We do however avoid Essential Oils as much as possible due to allergies. We used to use them in a lot of our products, including the Milk Shampoo, Wash and Conditioner. People would sometimes react to these. So we instead worked with a company that specialized in phthalate free fragrant oils that didn’t cause allergic reactions and now use these. The number of people with reactions in the products without essential oils is almost nil.

Anti-ageing products though do have more potential for allergies with some people if they are genuinely effective. This is because genuine anti-ageing actives need to penetrate and work with the skin metabolism, so they need to be reasonably concentrated and fairly bio-active. So they are more powerful. An inert ingredient or an ingredient that was in the product at a tiny concentration would not be an allergy risk for anyone, but nor would it do what people hoped.
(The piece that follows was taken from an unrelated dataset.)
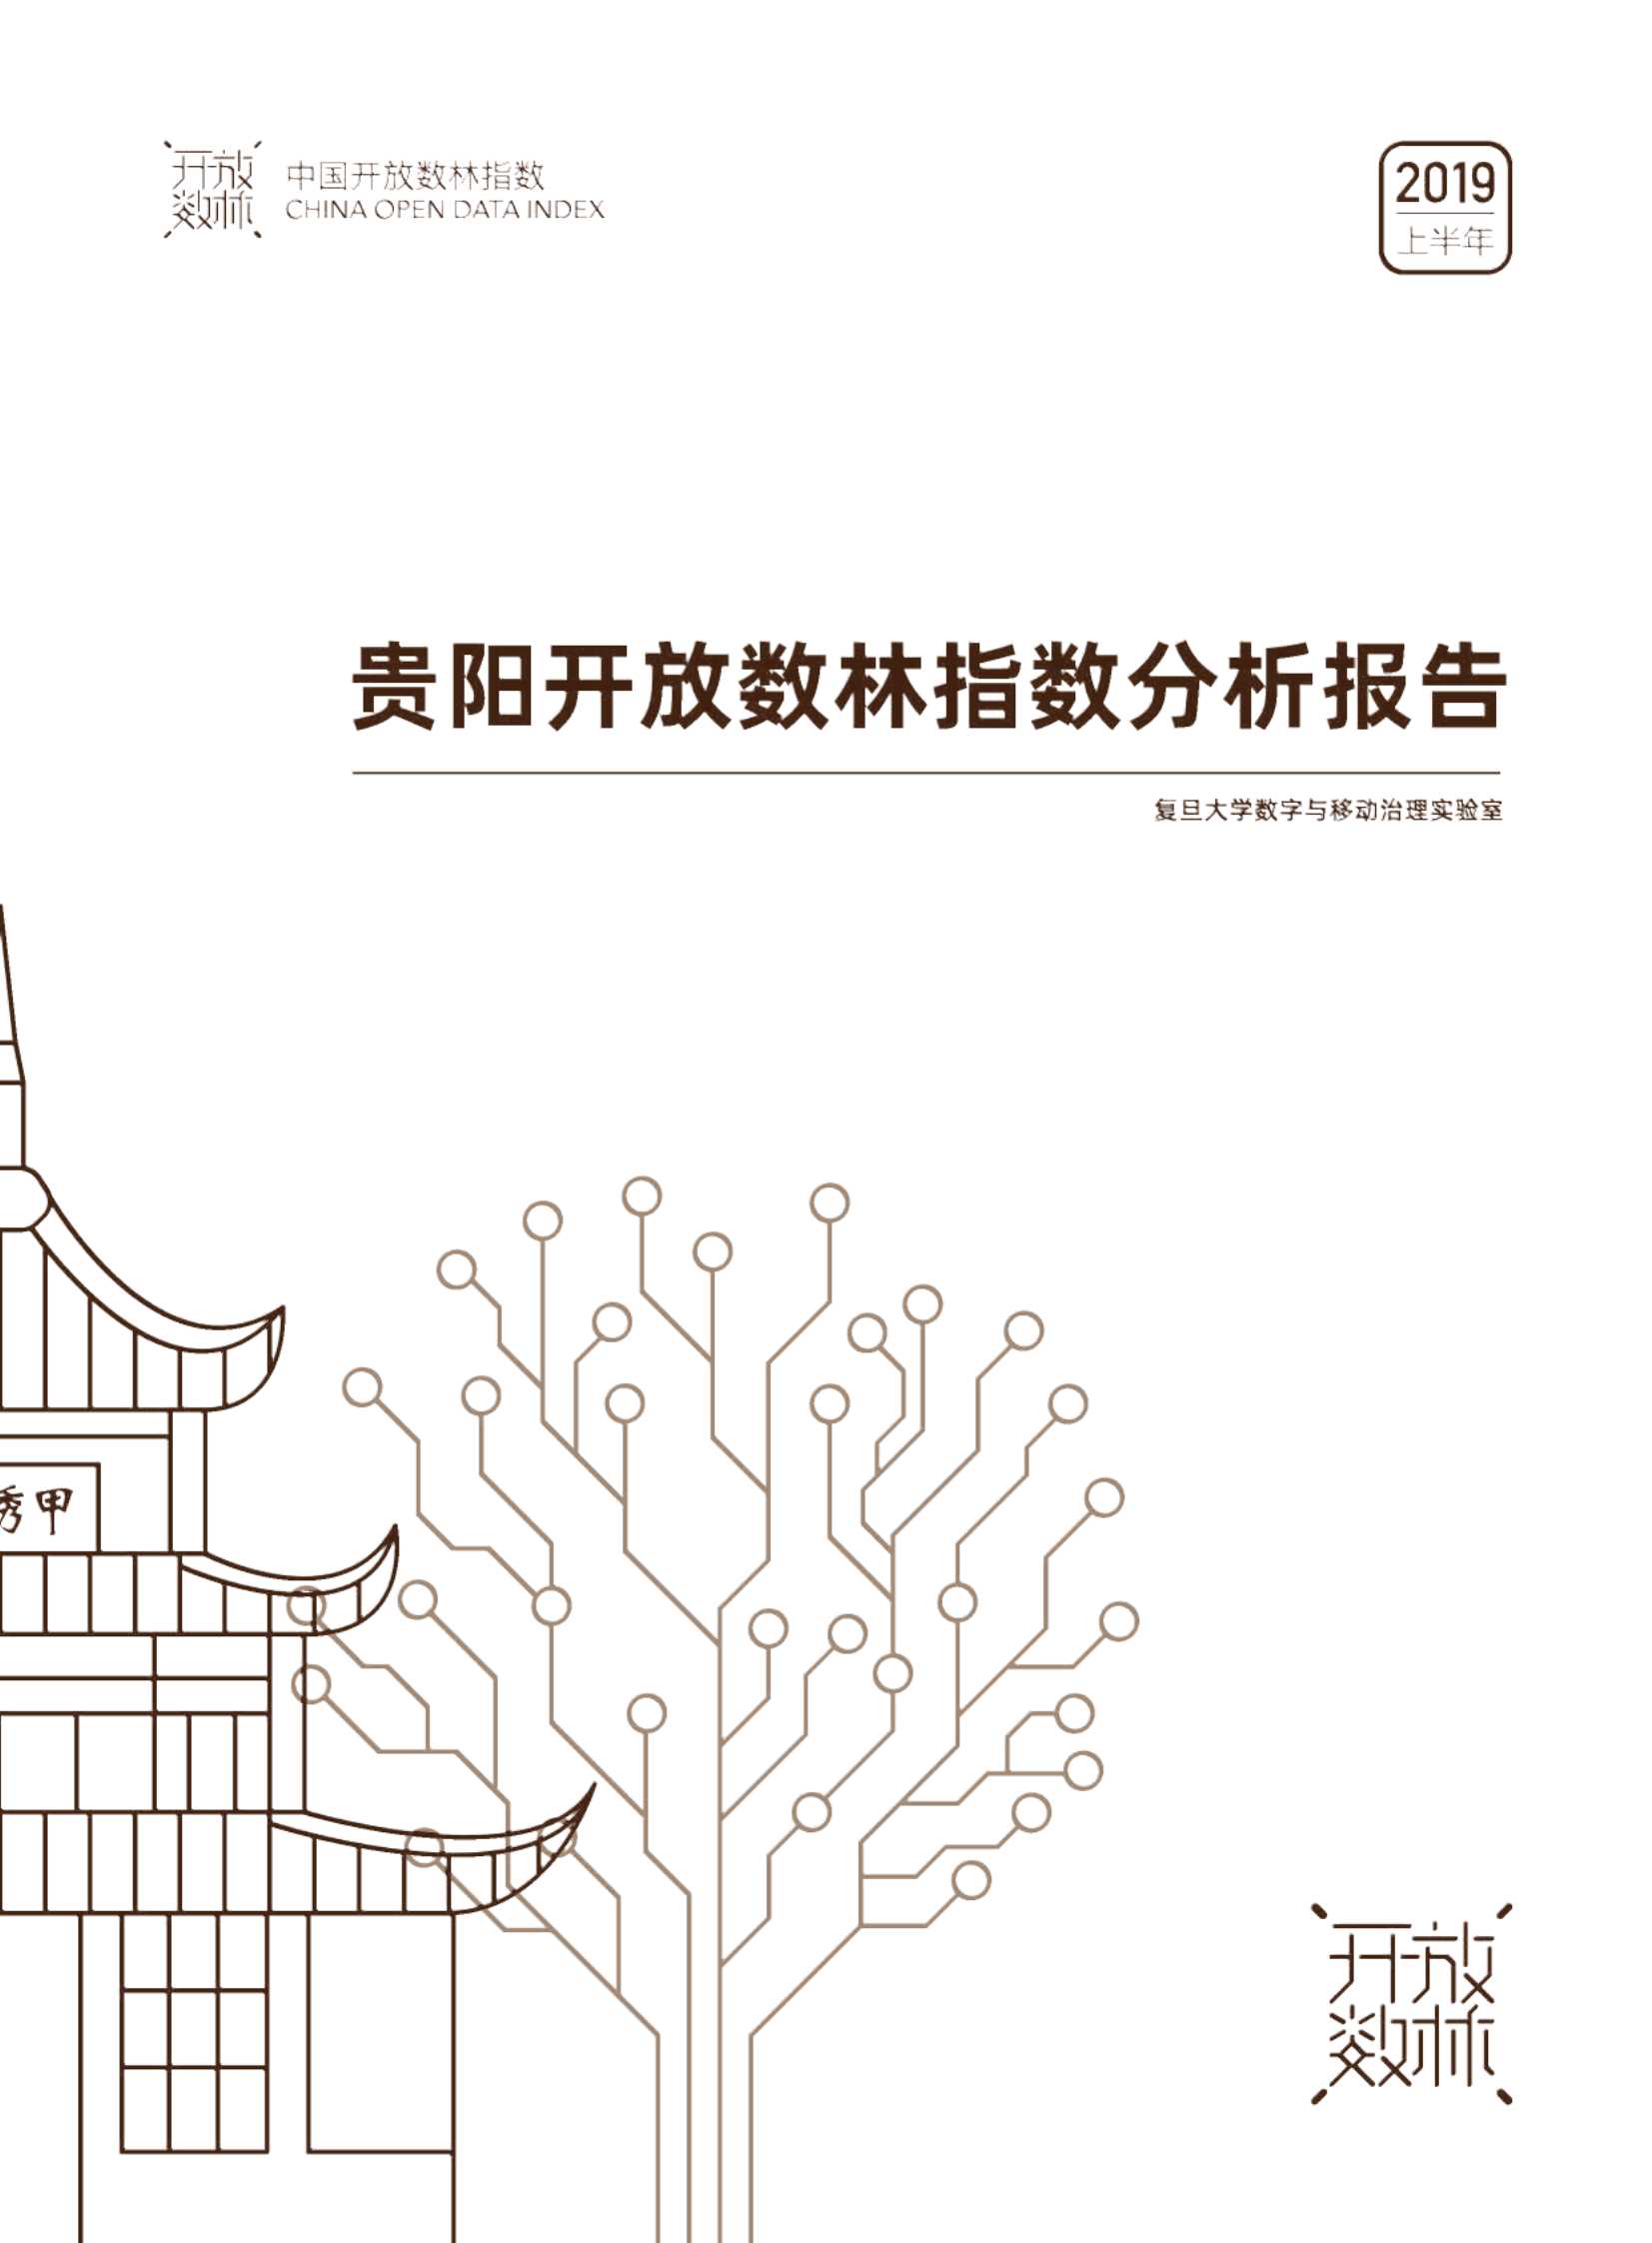 复旦大学-贵阳开放树林指数分析报告-2022.03-17页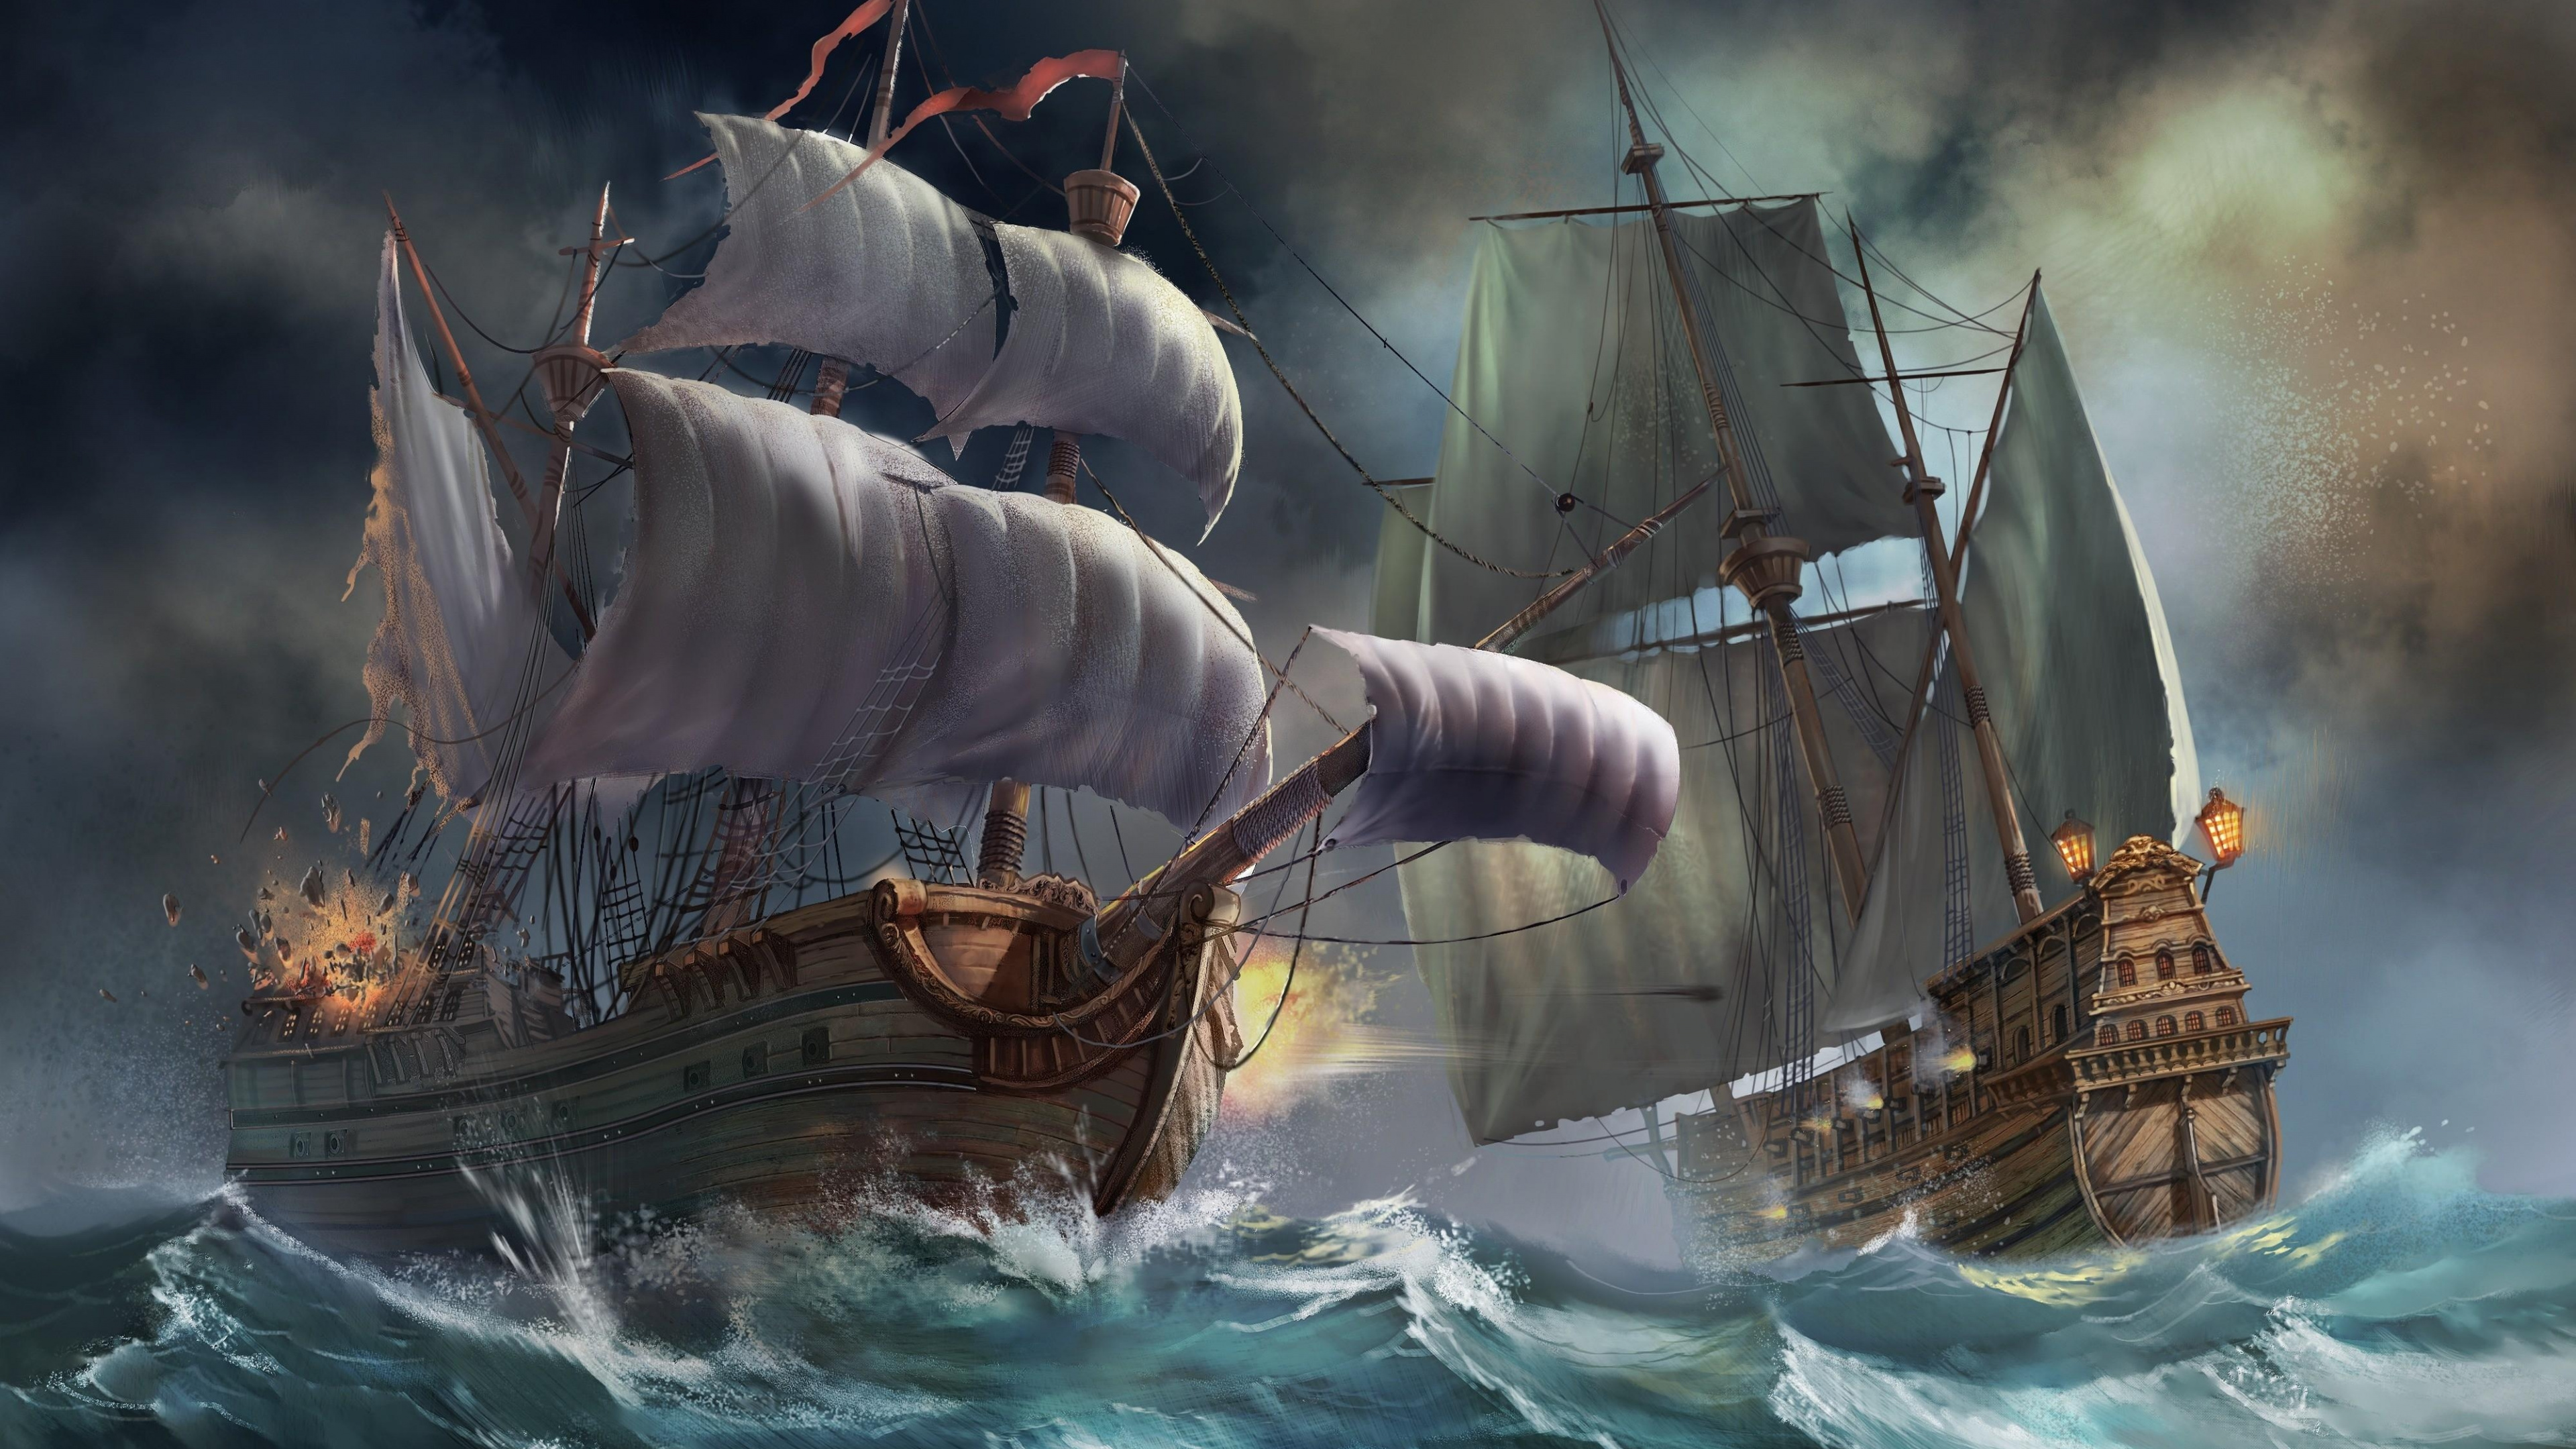 Braunes Und Weißes Segelschiff Auf Dem Wasser. Wallpaper in 3840x2160 Resolution

So what we do it put the best ingredients in the product we can at the concentration we think we need, and then encourage everyone to patch test all natural products before use.  This is much better for most people we think than not using any ingredient that may end up causing an allergy. Paraffin and Water (Sorbolene) may not cause many allergies, but it won’t do a lot of good either.

Marcie Mom: Thanks Craig for being open and sharing insights to your products and the decisions behind them. p.s. to readers of, I didn’t receive any money from MooGoo for this interview.